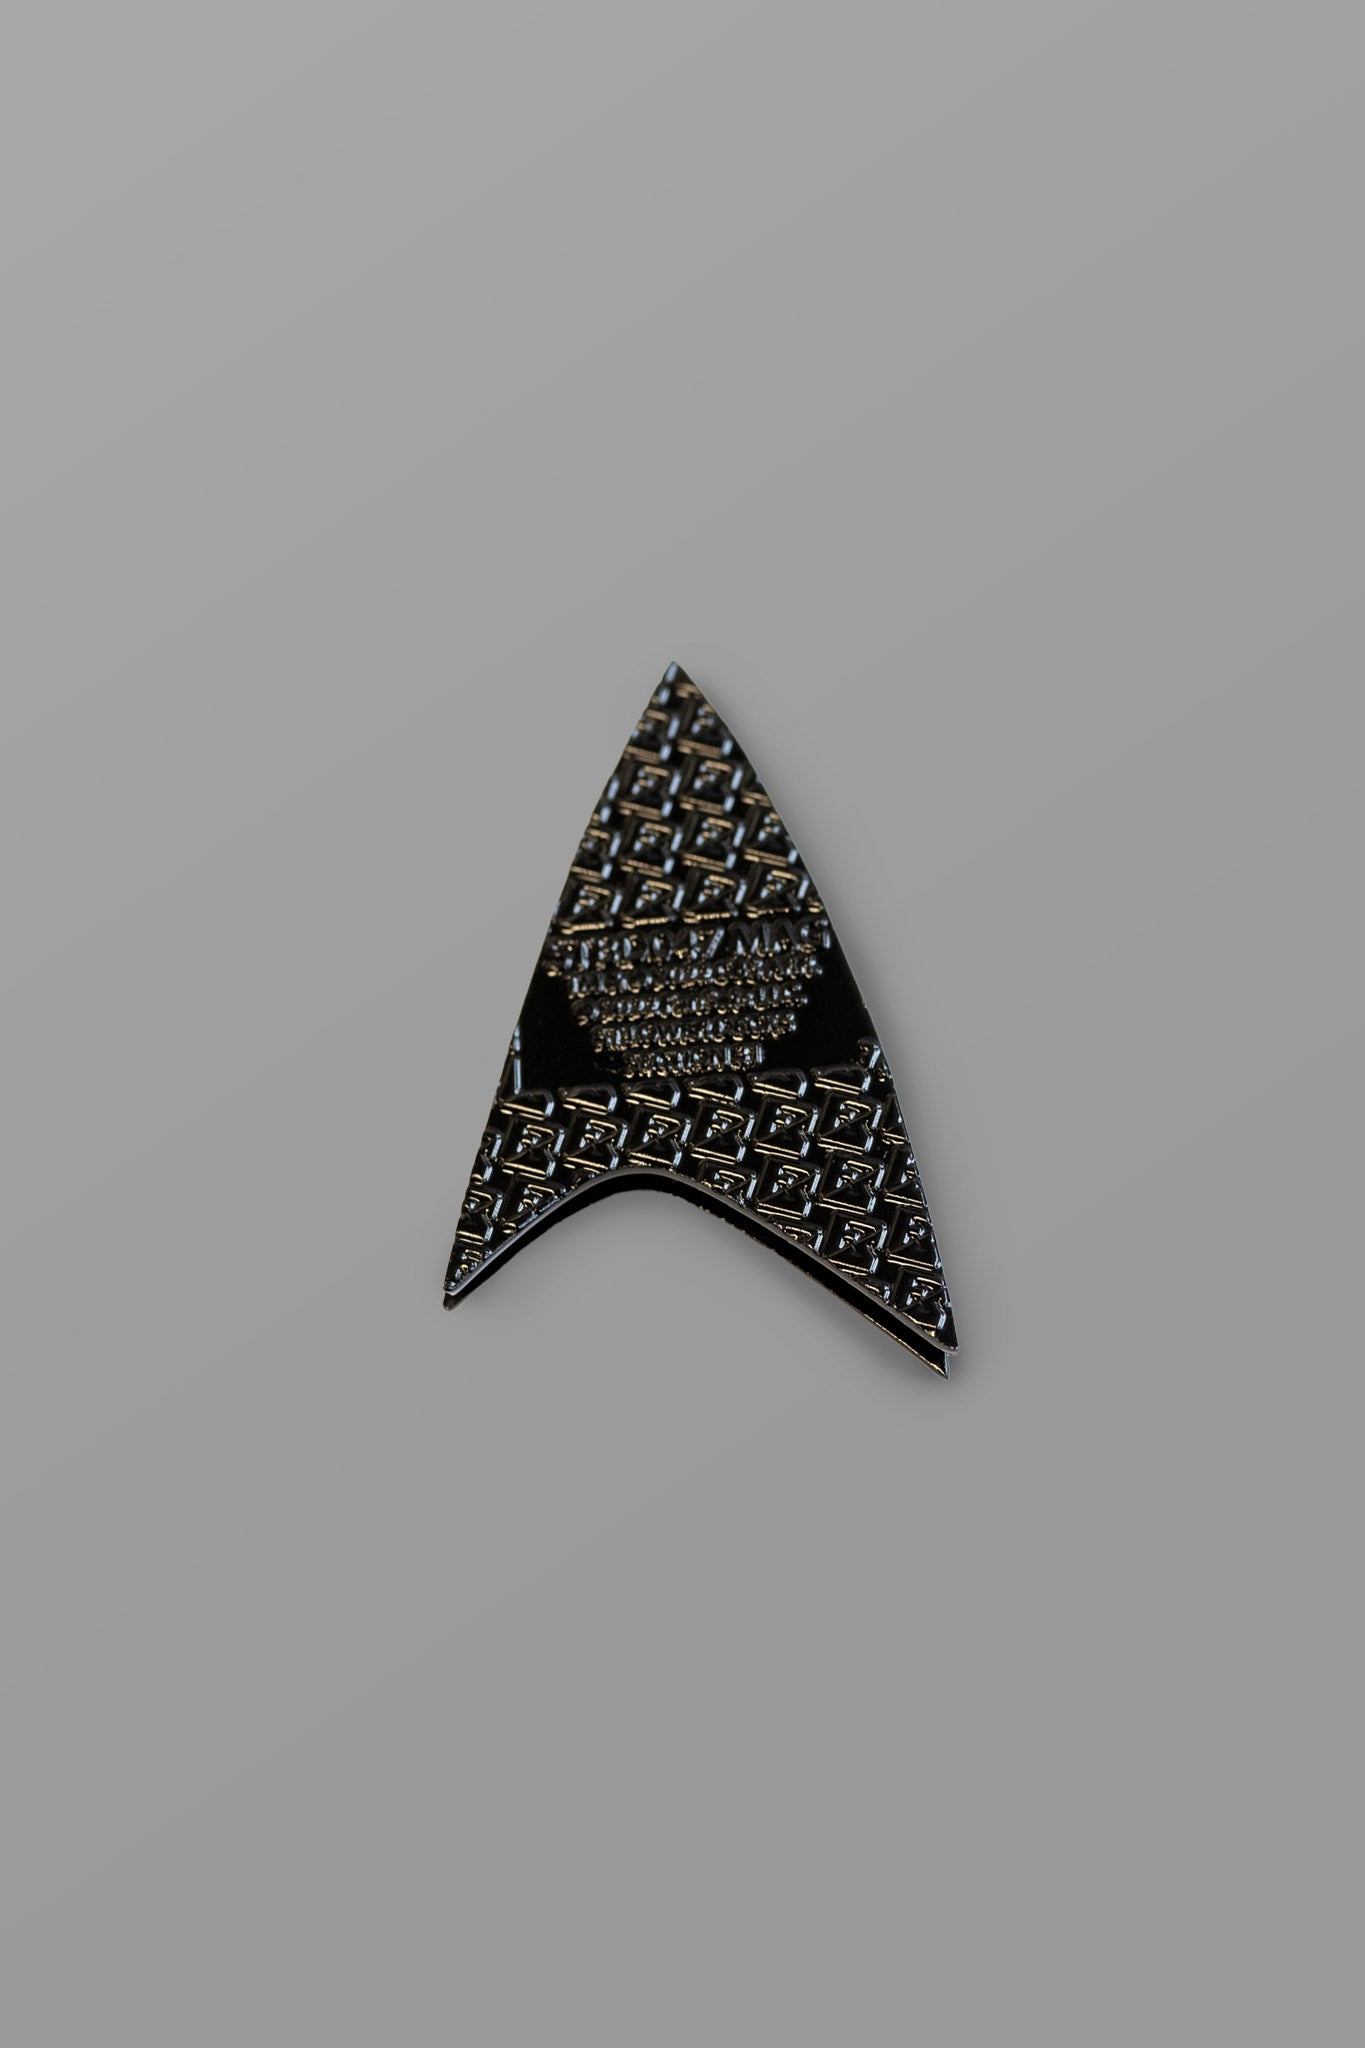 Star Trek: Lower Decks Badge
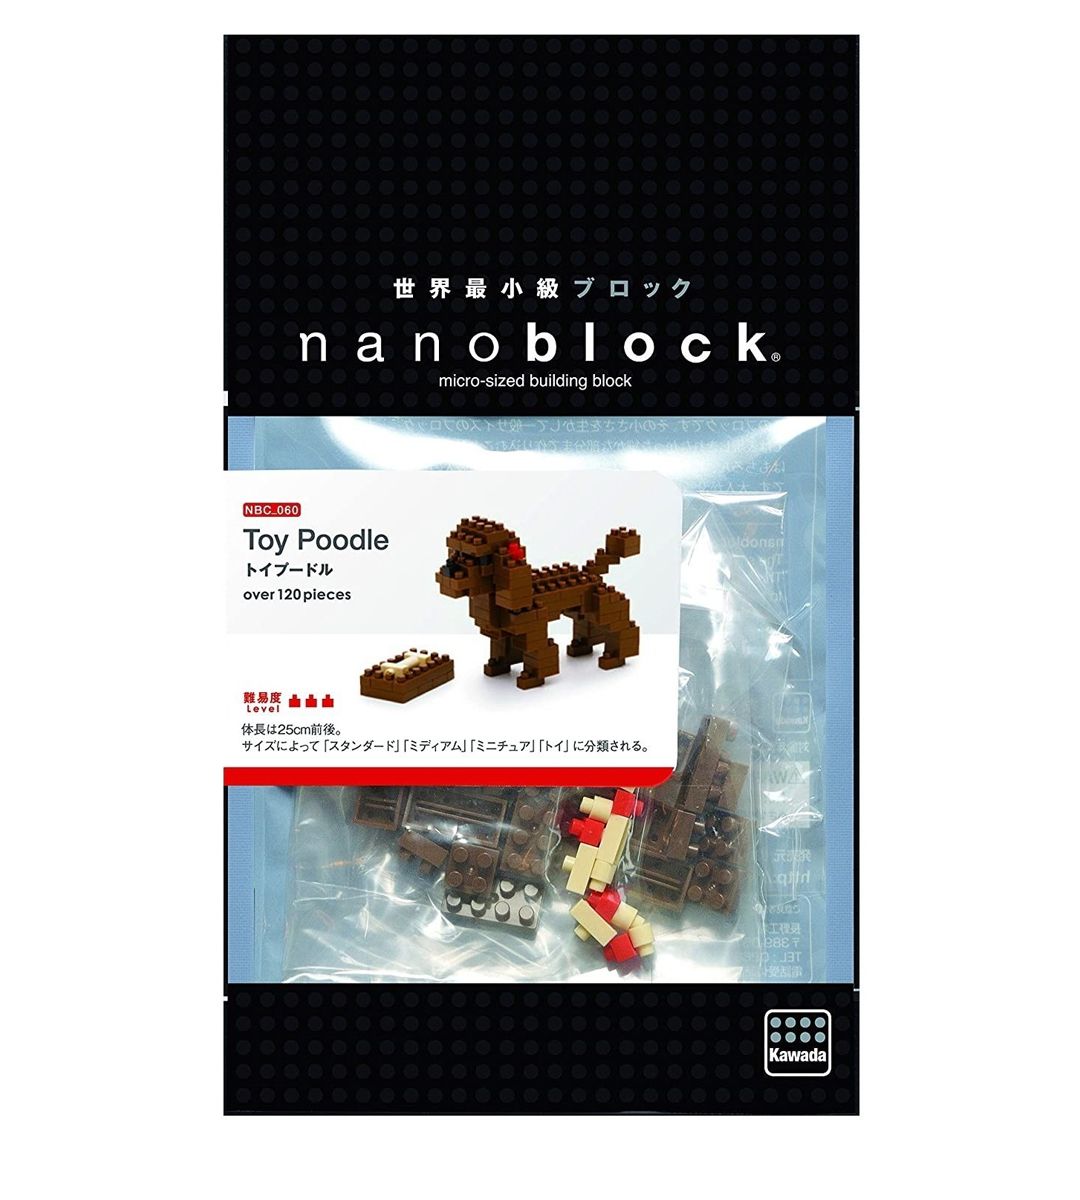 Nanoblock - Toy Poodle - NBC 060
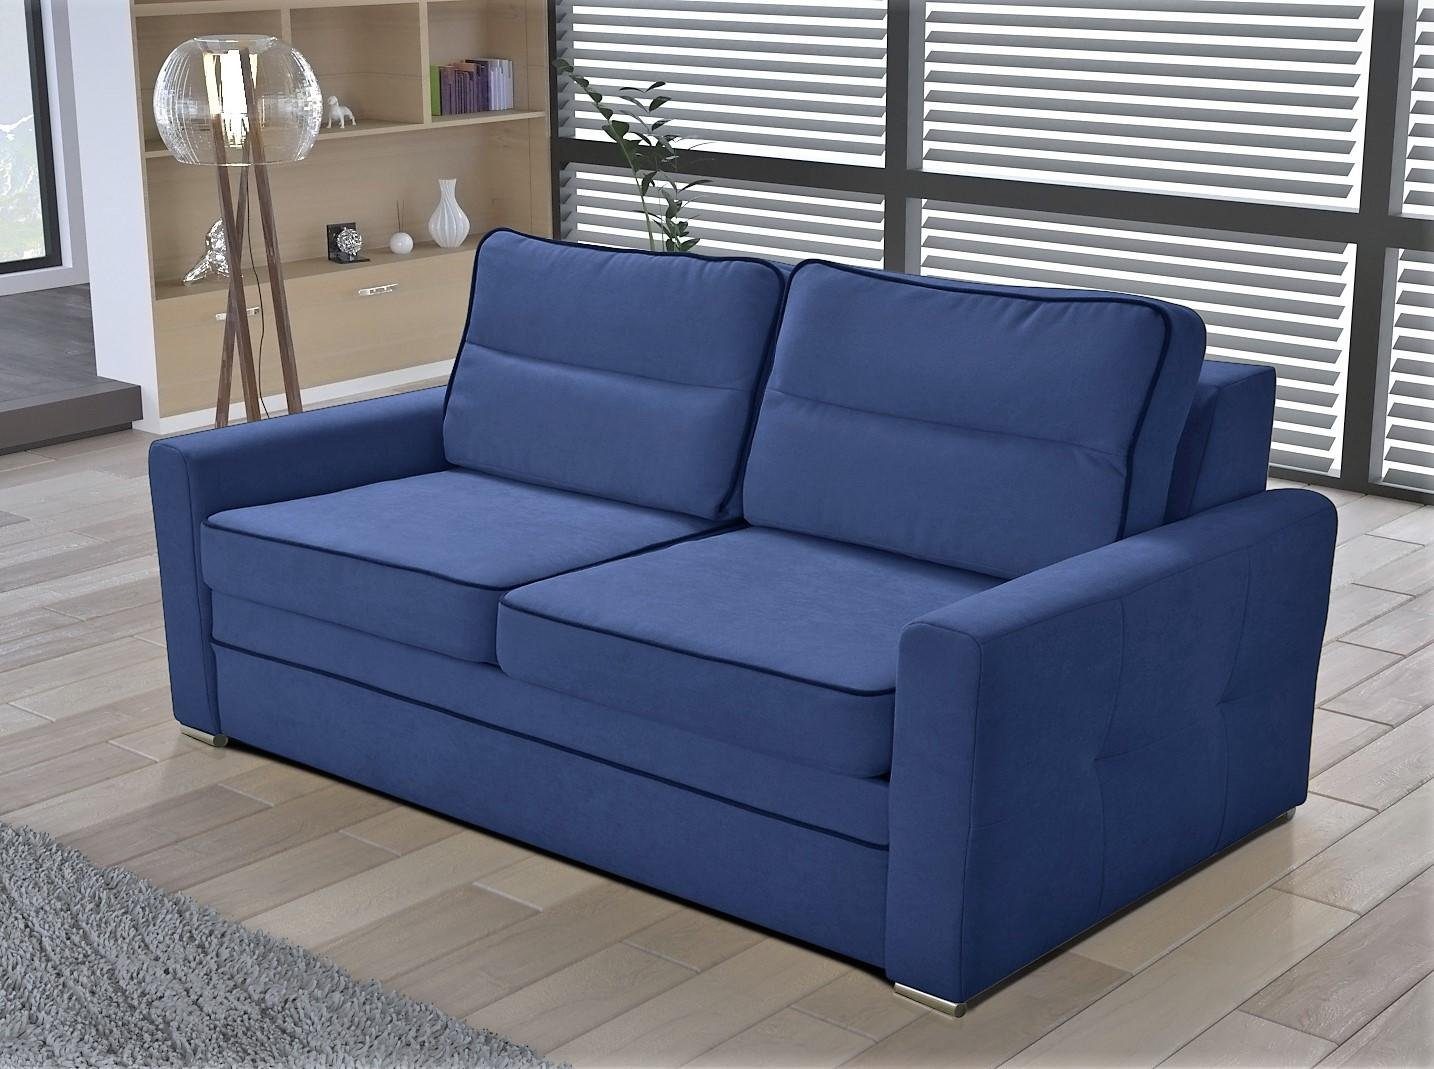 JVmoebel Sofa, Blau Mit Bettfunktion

· · · ·

## TRY IT
Transcribe the full listing above exactly, with the images removed.

## WRITTEN SOLUTION
 Star Trek: Lower Decks Badge
 Nanoblock - Toy Poodle - NBC 060
 JVmoebel Sofa, Blau Mit Bettfunktion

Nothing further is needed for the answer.